There are two criteria that determine the optimal sample size N and sample composition $$\lambda$$ in centile studies:

• the centile of interest, which is expressed as a z-score z
• the required level of precision for that centile, expressed as the z-score standard error SEz

Take for example the Cuban Growth Study (Healy 1974, Jordan 1975), which was designed to estimate the 3rd height centile for boys aged 8 with a standard error (SE) of 0.3 cm.

The 3rd centile corresponds to z = -1.88, and the required SE in z-score units is obtained by dividing the SE by the height SD at age 8 of 5.75 cm.
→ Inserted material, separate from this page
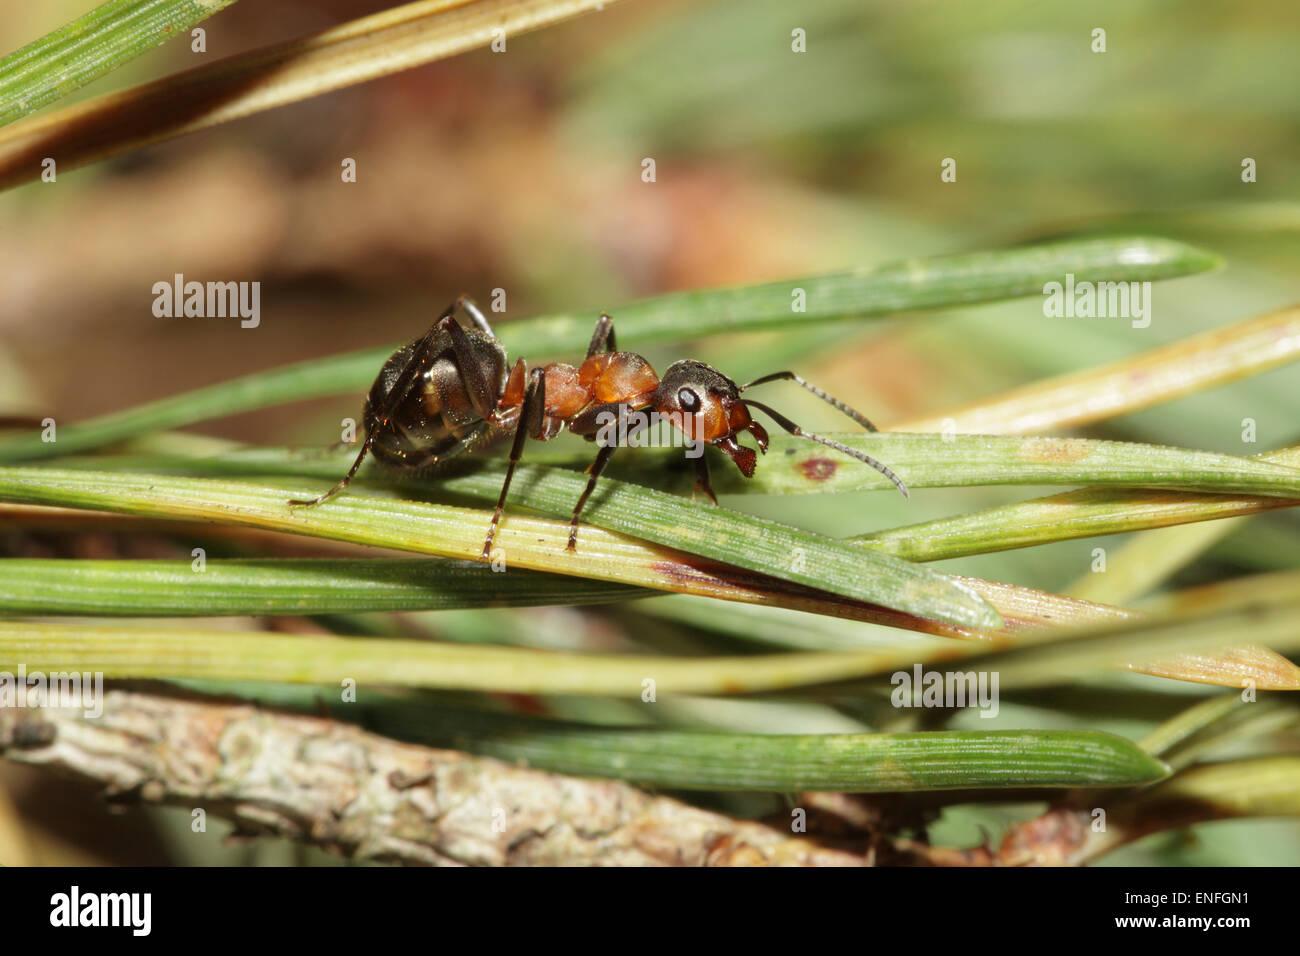 Wood ant - Formica rufa - Stock Image

This gives the precision in z-score units as SEz = 0.3/5.75 = 0.053.

Cole (2020) pointed out that when calculating sample size it is essential to think also about sample composition, i.e. the age distribution of the measurements. All centile studies need to collect extra data in infancy compared to later in childhood, because babies grow faster than children. But just how much more depends on which centile is the focus. The median requires heavy infant oversampling, whereas the 0.4th centile where z = -2.67 needs very little.

The degree of oversampling is defined by the quantity $$\lambda$$, see Cole (2020), where $$\lambda$$ = 1 means uniform sampling, while for example $$\lambda$$ = 0.4 indicates heavy infant oversampling.

To run the examples, first load the tidyverse and sitar libraries.

## optimal_design

The optimal_design function takes as arguments z, lambda, N, SEz and age. It then calculates the optimal sample composition, based either on z or lambda, and the optimal sample size based either on N or SEz. If both N and SEz are given, N takes precedence. If both z and lambda are given, SEz also depends on age.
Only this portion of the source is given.